One of the he­roes of the restora­tion of stolen or mis­ap­pro­pri­ated tem­ple lands is Jus­tice R Ma­hade­van of the Madras High Court. Ear­lier this year, on Fe­bru­ary 12, Jus­tice Ma­hade­van di­rected the HR&CE to sub­mit in­for­ma­tion on tem­ple lands in Tamil Nadu which have been en­croached or grabbed. He or­dered no­tices to be is­sued to of­fend­ers to sur­ren­der mis­ap­pro­pri­ated tem­ple prop­er­ties vol­un­tar­ily or face pe­nal ac­tion. He also asked that in­for­ma­tion on tem­ple lands be tab­u­lated and put up on the HR&CE web­site. Given the ram­pant and on­go­ing theft of tem­ple lands and prop­er­ties, Jus­tice Ma­hade­van’s in­ter­ven­tions were an al­most des­per­ate at­tempt to re­trieve the sit­u­a­tion. It is es­ti­mated that tem­ple lands in Tamil Nadu alone have come down in the last five years from 5.25 lakh acres to 4.78. In just five years, a shock­ingly mas­sive 50,000 acres are in the hands of en­croach­ers and land grab­bers!

In Au­gust, the HR&CE ac­tu­ally came back with what it had done, pur­suant to the HC’s or­ders. In­spec­tion com­mit­tees had been formed for some 40,000 tem­ples across the state to iden­tify and re­trieve en­croached prop­er­ties. Over 28,500 no­tices have been sent to some of the en­croaches of over 3,800 tem­ples, with rents and ar­rears of over 14 crores re­cov­ered from ten­ants. The In­te­grated Tem­ple Man­age­ment Sys­tem (ITMS), a web por­tal pro­posed by the HR&CE, aims at cover­ing all ac­tiv­i­ties re­lated to the ad­min­is­tra­tion of Hindu tem­ples and re­li­gious in­sti­tu­tions in Tamil Nadu. As a first step, tem­ple land records will be digi­tised and made pub­licly avail­able, so that il­le­gal sale or en­croach­ment be­comes more dif­fi­cult.
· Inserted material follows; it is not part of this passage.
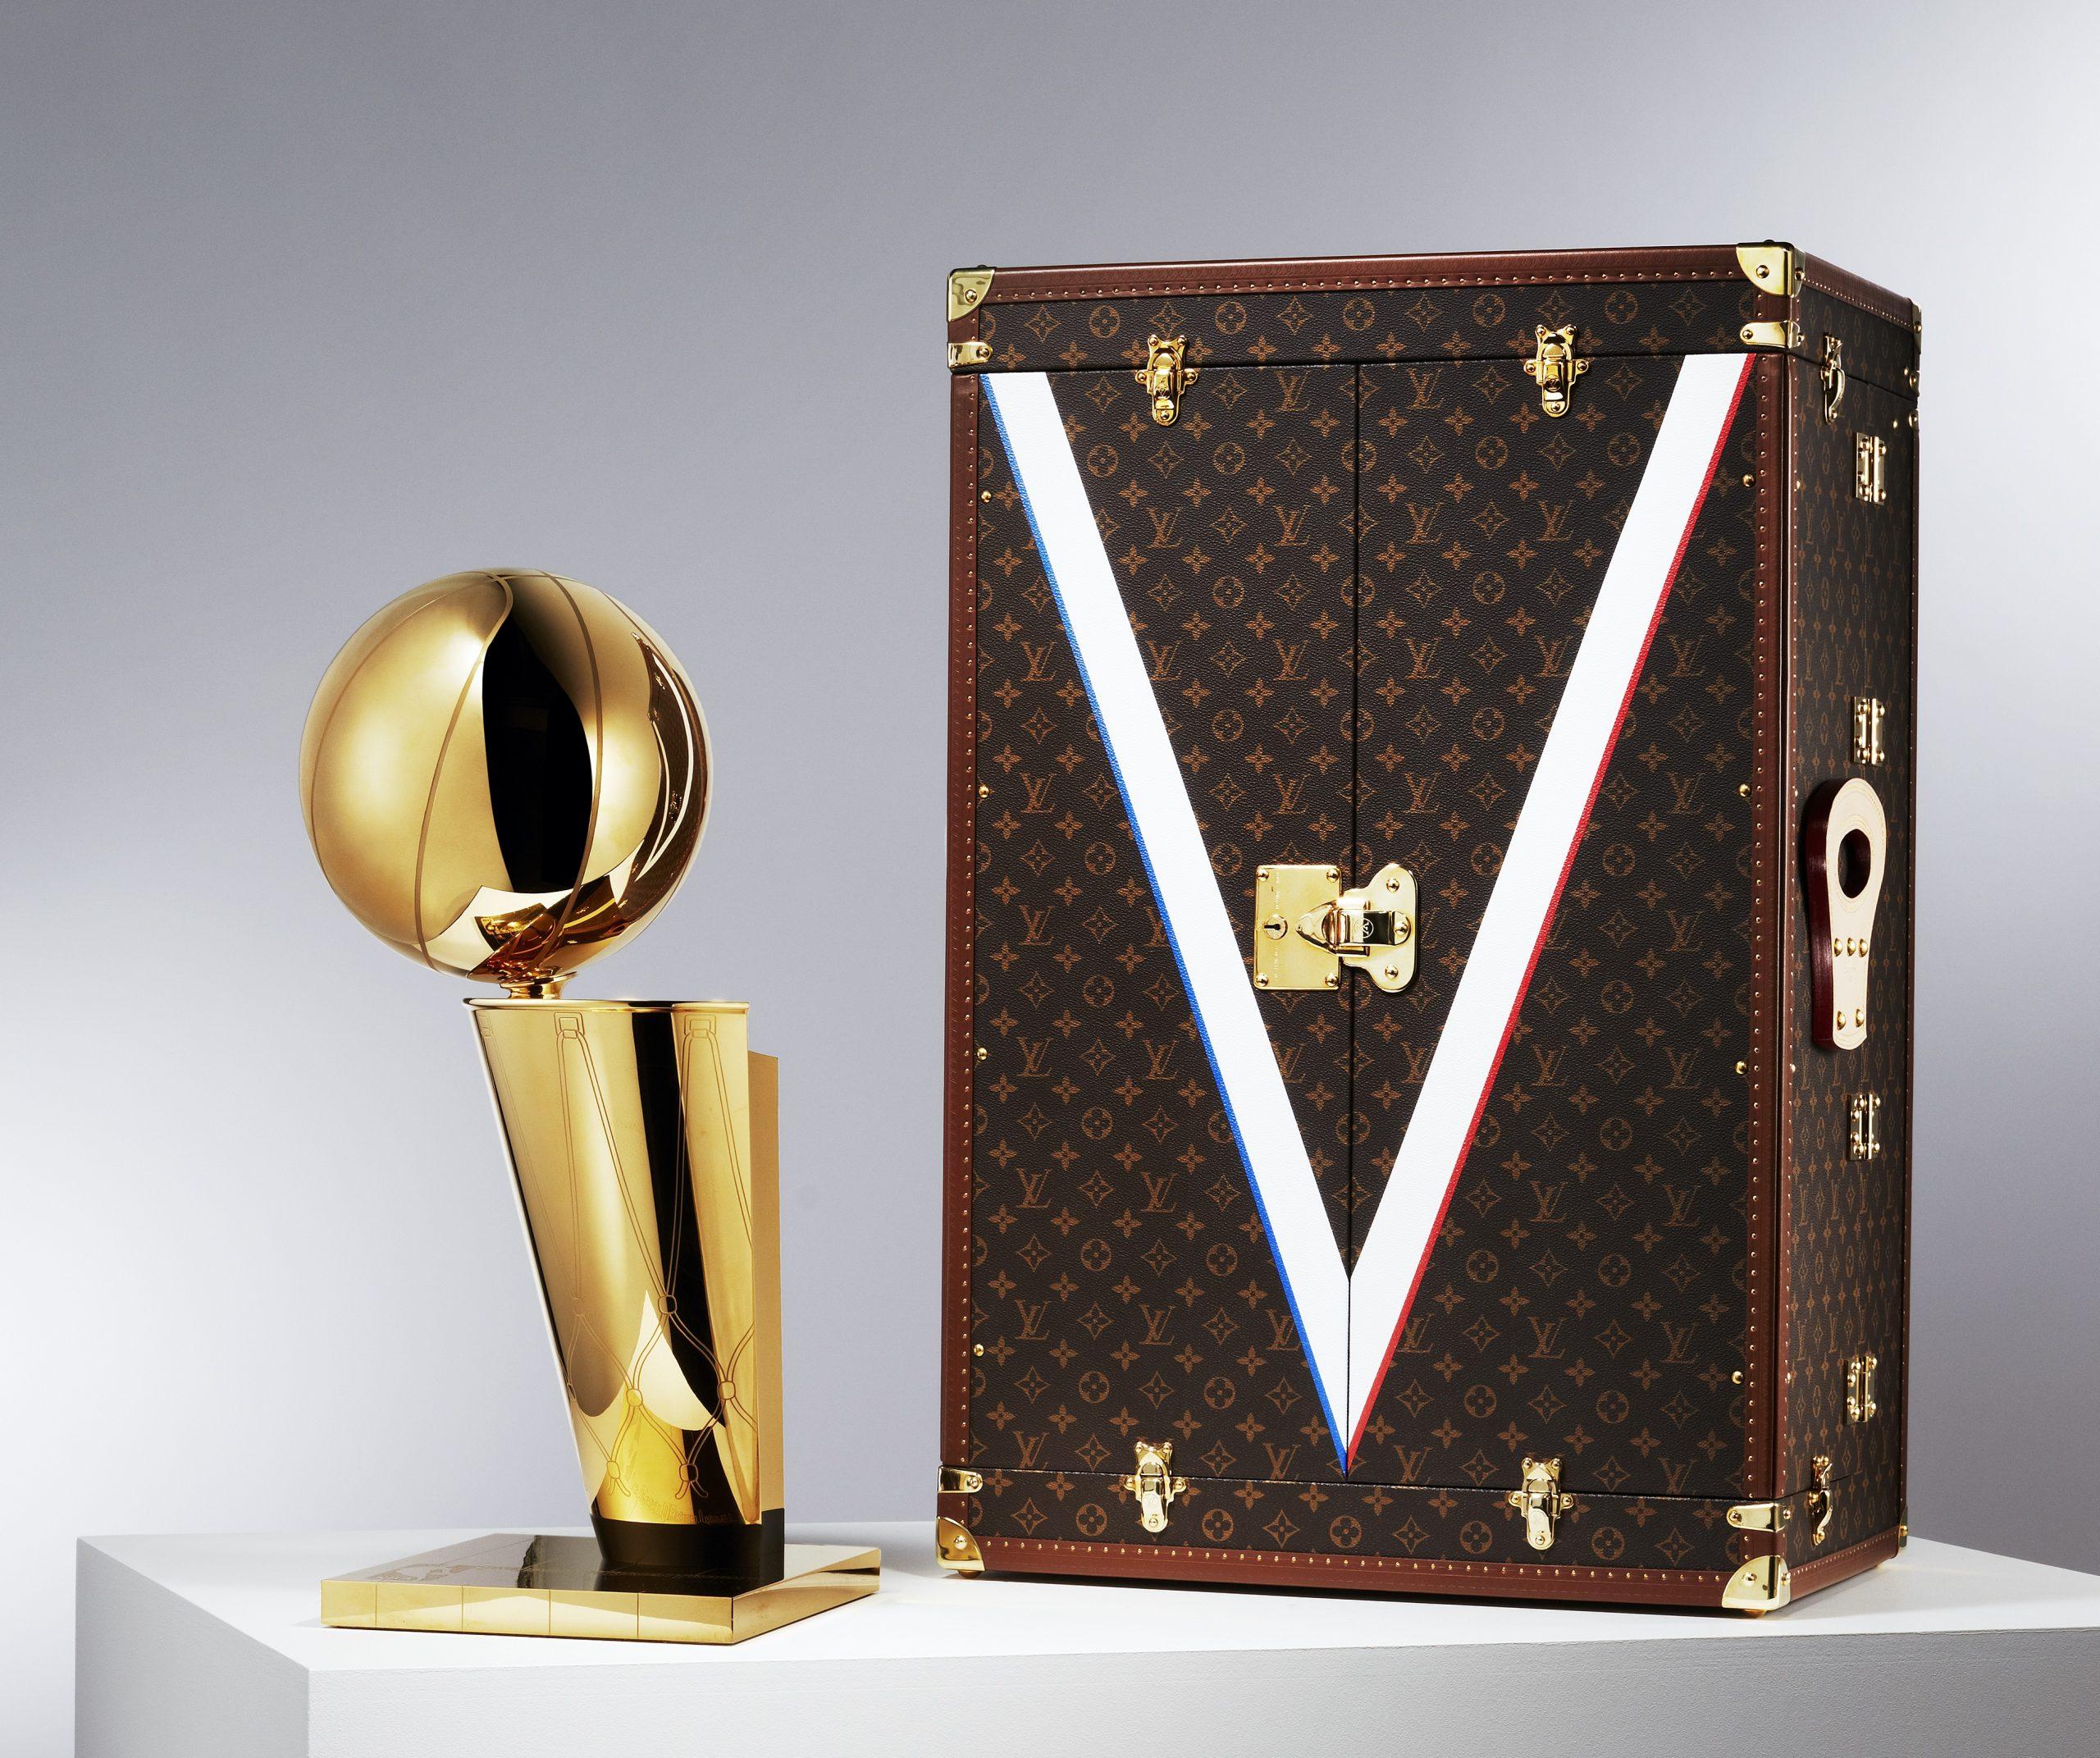 LOUIS VUITTON AND NBA

But this is only a drop in the pond, so to speak. The real chal­lenge is mon­u­men­tal. That is be­cause this graft and grab of tem­ple prop­er­ties are not con­fined to Tamil Nadu alone. It is preva­lent in Andhra Pradesh, Karnataka, Ker­ala, and other states as well. Not only are Hindu tem­ples “easy money” for cash-strapped state ad­min­is­tra­tions, but some of these funds are also used, it seems, to sup­port po­lit­i­cally mo­ti­vated gov­ern­ment spon­sor­ships and grants to so-called “mi­nor­ity” causes. For in­stance, it is re­ported that nearly 43,000 tem­ples in Andhra Pradesh have been taken over by the gov­ern­ment, with 82% of their in­come be­ing used for “un­stated” sec­u­lar pur­poses.

The prob­lem is that in post-in­de­pen­dence, our state has car­ried, pos­si­bly un­con­sciously, the lega­cies of our two for­mer rulers, Bri­tish colo­nial­ists as well as Mus­lim con­querors. Both these de­vised ways, rang­ing from out­right loot and plun­der to more sub­tle forms of ad­min­is­tra­tive control and revenue si­phon­ing, to mis­use the wealth of our rich tem­ples and re­li­gious in­sti­tu­tions. So-called mi­nor­ity in­sti­tu­tions, in­clud­ing the SGPC, es­caped such harm­ful state control, but Hindu tem­ples con­tinue to suf­fer. They are worst off in states like Tamil Nadu, where Dra­vid­ian par­ties and pol­i­tics le­git­imised, even aug­mented, their ex­ploita­tion. At last, the time has come to re­verse if not trans­form this trend.